Tuesday, May 5th, 2009

From Kate Linthicum’s Los Angeles Times article, “In the Stillness, Space for a Rebellious Spirit”…

Continuing to meditate, he got sober with the help of a 12-step program. He attended his first meditation retreat in 1991 — with Jack Kornfield, an influential Buddhist teacher who trained as a monk in Thailand and Burma.

Levine liked Kornfield’s message — he went on to study with him — but he said he felt a little out of place.

“I was the only 20-year-old there and certainly the only punk rocker,” he writes. “Looking around, I didn’t see anyone even close to my age. This was my father’s scene, not mine.”

After 10 years of studying Buddhism, Levine was certified to teach by Kornfield. But he wanted to create a new scene — for people like himself, the kind who liked to rock out to bands like Suicidal Tendencies and slam-dance in mosh pits.
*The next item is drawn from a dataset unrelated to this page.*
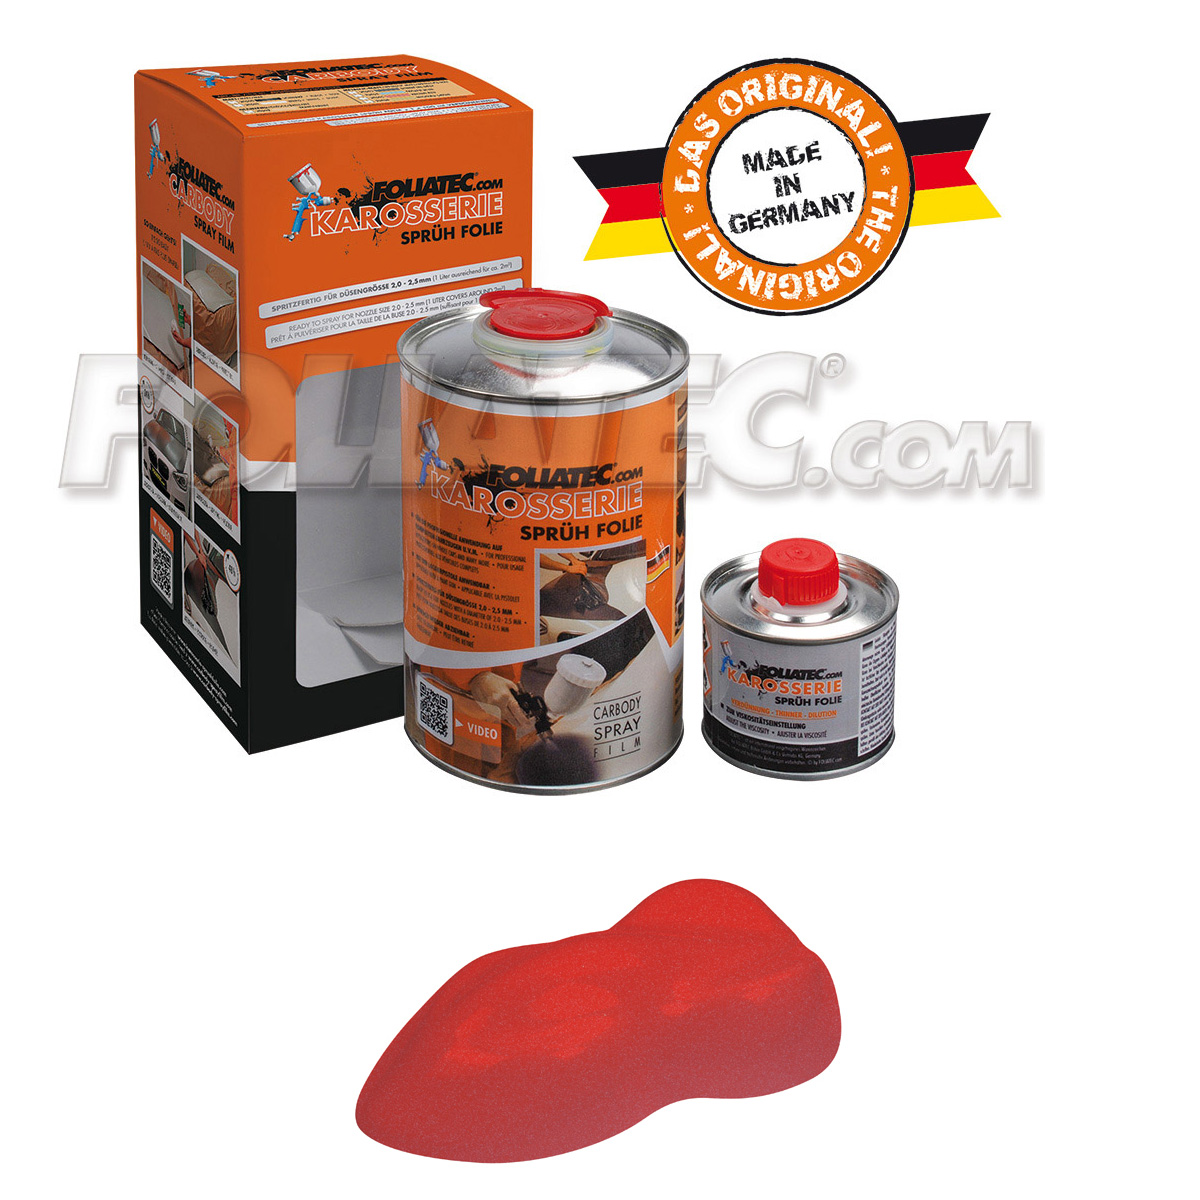 Foliatec Karosseriesprühfolie/Karosserie-Sprühfolie racing red/rossorot matt

So he began leading meditation groups in Santa Cruz and San Francisco and in 2003 launched a Dharma Punx group on New York City’s Lower East Side. He moved to Los Angeles three and a half years ago and founded Against the Stream last year.

Though he draws inspiration from many strains of Buddhism (including Thai, Sri Lankan and Burmese), he said, he has tried to tear down the hierarchical difference between teacher and student that is common in those forms.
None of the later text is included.